This patch also updates the docs for llvm-mca.
Due to the nature of this change, several tests in the tools/llvm-mca directory
were affected, and had to be updated using script `update_mca_test_checks.py`.

llvm-svn: 340946
diff --git a/llvm/tools/llvm-mca/Views/SummaryView.cpp b/llvm/tools/llvm-mca/Views/SummaryView.cpp
index 4a147bb..026742a 100644
--- a/llvm/tools/llvm-mca/Views/SummaryView.cpp
+++ b/llvm/tools/llvm-mca/Views/SummaryView.cpp
@@ -63,7 +63,9 @@
   unsigned Iterations = Source.getNumIterations();
   unsigned Instructions = Source.size();
   unsigned TotalInstructions = Instructions * Iterations;
+  unsigned TotalUOps = NumMicroOps * Iterations;
   double IPC = (double)TotalInstructions / TotalCycles;
+  double UOpsPerCycle = (double)TotalUOps / TotalCycles;
   double BlockRThroughput = computeBlockRThroughput(
       SM, DispatchWidth, NumMicroOps, ProcResourceUsage);
 
@@ -72,10 +74,12 @@
   TempStream << "Iterations:        " << Iterations;
   TempStream << "\nInstructions:      " << TotalInstructions;
   TempStream << "\nTotal Cycles:      " << TotalCycles;
+  TempStream << "\nTotal uOps:        " << TotalUOps << '\n';
   TempStream << "\nDispatch Width:    " << DispatchWidth;
-  TempStream << "\nIPC:               " << format("%.2f", IPC);
-
-  // Round to the block reciprocal throughput to the nearest tenth.
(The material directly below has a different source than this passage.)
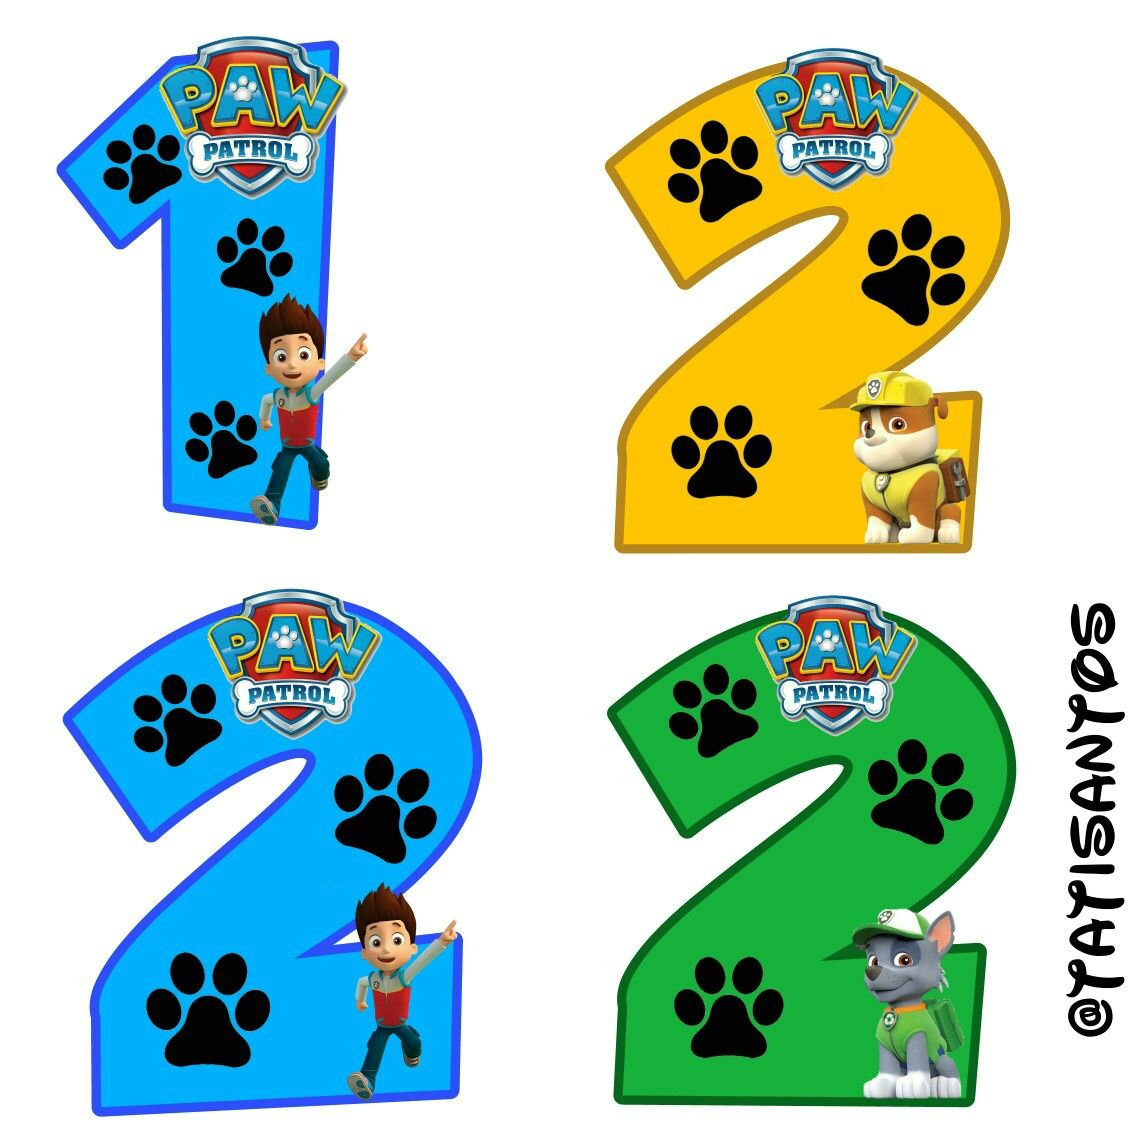 N 250 Meros Personalizados Patrulha Canina 1 E 2 Patrulha

+  TempStream << "\nuOps Per Cycle:    "
+             << format("%.2f", floor((UOpsPerCycle * 100) + 0.5) / 100);
+  TempStream << "\nIPC:               "
+             << format("%.2f", floor((IPC * 100) + 0.5) / 100);
   TempStream << "\nBlock RThroughput: "
              << format("%.1f", floor((BlockRThroughput * 10) + 0.5) / 10)
              << '\n';